Cai Weixing, Dhou Salam, Cifter Fulya, Myronakis Marios, Hurwitz Martina H, Williams Christopher L, Berbeco Ross I, Seco Joao, Lewis John H
Brigham and Women's Hospital, Dana-Farber Cancer Institute and Harvard Medical School, Boston, MA, 02115, USA.
Phys Med Biol. 2016 Jan 21;61(2):554-68. doi: 10.1088/0031-9155/61/2/554. Epub 2015 Dec 18.
The purpose of this research is to develop a 4DCBCT-based dose assessment method for calculating actual delivered dose for patients with significant respiratory motion or anatomical changes during the course of SBRT. To address the limitation of 4DCT-based dose assessment, we propose to calculate the delivered dose using time-varying ('fluoroscopic') 3D patient images generated from a 4DCBCT-based motion model. The method includes four steps: (1) before each treatment, 4DCBCT data is acquired with the patient in treatment position, based on which a patient-specific motion model is created using a principal components analysis algorithm. (2) During treatment, 2D time-varying kV projection images are continuously acquired, from which time-varying 'fluoroscopic' 3D images of the patient are reconstructed using the motion model. (3) Lateral truncation artifacts are corrected using planning 4DCT images. (4) The 3D dose distribution is computed for each timepoint in the set of 3D fluoroscopic images, from which the total effective 3D delivered dose is calculated by accumulating deformed dose distributions. This approach is validated using six modified XCAT phantoms with lung tumors and different respiratory motions derived from patient data. The estimated doses are compared to that calculated using ground-truth XCAT phantoms. For each XCAT phantom, the calculated delivered tumor dose values generally follow the same trend as that of the ground truth and at most timepoints the difference is less than 5%. For the overall delivered dose, the normalized error of calculated 3D dose distribution is generally less than 3% and the tumor D95 error is less than 1.5%. XCAT phantom studies indicate the potential of the proposed method to accurately estimate 3D tumor dose distributions for SBRT lung treatment based on 4DCBCT imaging and motion modeling. Further research is necessary to investigate its performance for clinical patient data.

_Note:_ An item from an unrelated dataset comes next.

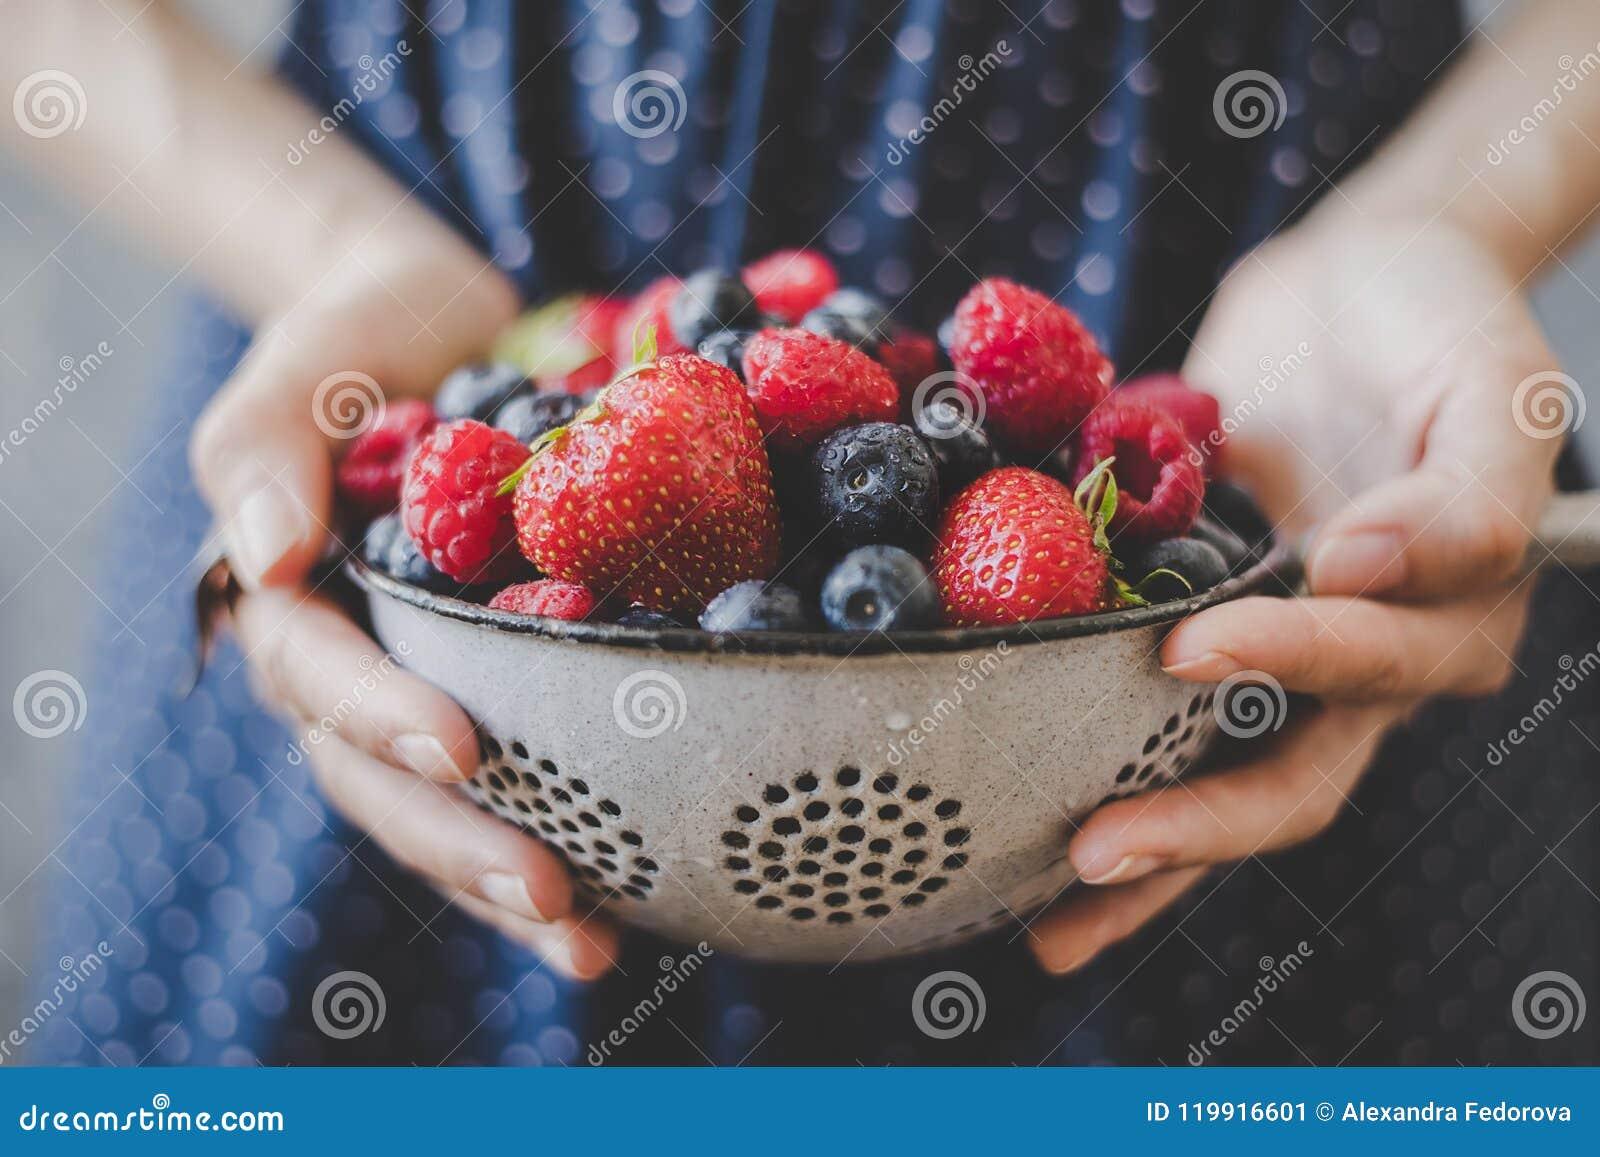 Organic Fresh Berries. Hands Holding Fresh Juicy Berries ...

本研究的目的是开发一种基于4D CBCT的剂量评估方法,用于计算在立体定向体部放疗(SBRT)过程中存在显著呼吸运动或解剖结构变化的患者的实际 delivered dose。为了解决基于4DCT的剂量评估的局限性,我们建议使用从基于4D CBCT的运动模型生成的随时间变化(“透视”)的3D患者图像来计算delivered dose。该方法包括四个步骤:(1)在每次治疗前,在治疗位置采集患者的4D CBCT数据,并基于此使用主成分分析算法创建患者特异性运动模型。(2)在治疗过程中,连续采集2D随时间变化的kV投影图像,并使用运动模型重建患者随时间变化的“透视”3D图像。(3)使用计划4DCT图像校正横向截断伪影。(4)计算3D透视图像集中每个时间点的3D剂量分布,并通过累积变形剂量分布来计算总有效3D delivered dose。使用六个带有肺部肿瘤且具有源自患者数据的不同呼吸运动的改良XCAT体模对该方法进行了验证。将估计剂量与使用真实XCAT体模计算的剂量进行比较。对于每个XCAT体模,计算得到的delivered肿瘤剂量值通常与真实值遵循相同的趋势,并且在大多数时间点差异小于5%。对于总体delivered dose,计算得到的3D剂量分布的归一化误差通常小于3%,肿瘤D95误差小于1.5%。XCAT体模研究表明了所提出方法基于4D CBCT成像和运动建模准确估计SBRT肺部治疗的3D肿瘤剂量分布的潜力。有必要进行进一步研究以调查其对临床患者数据的性能。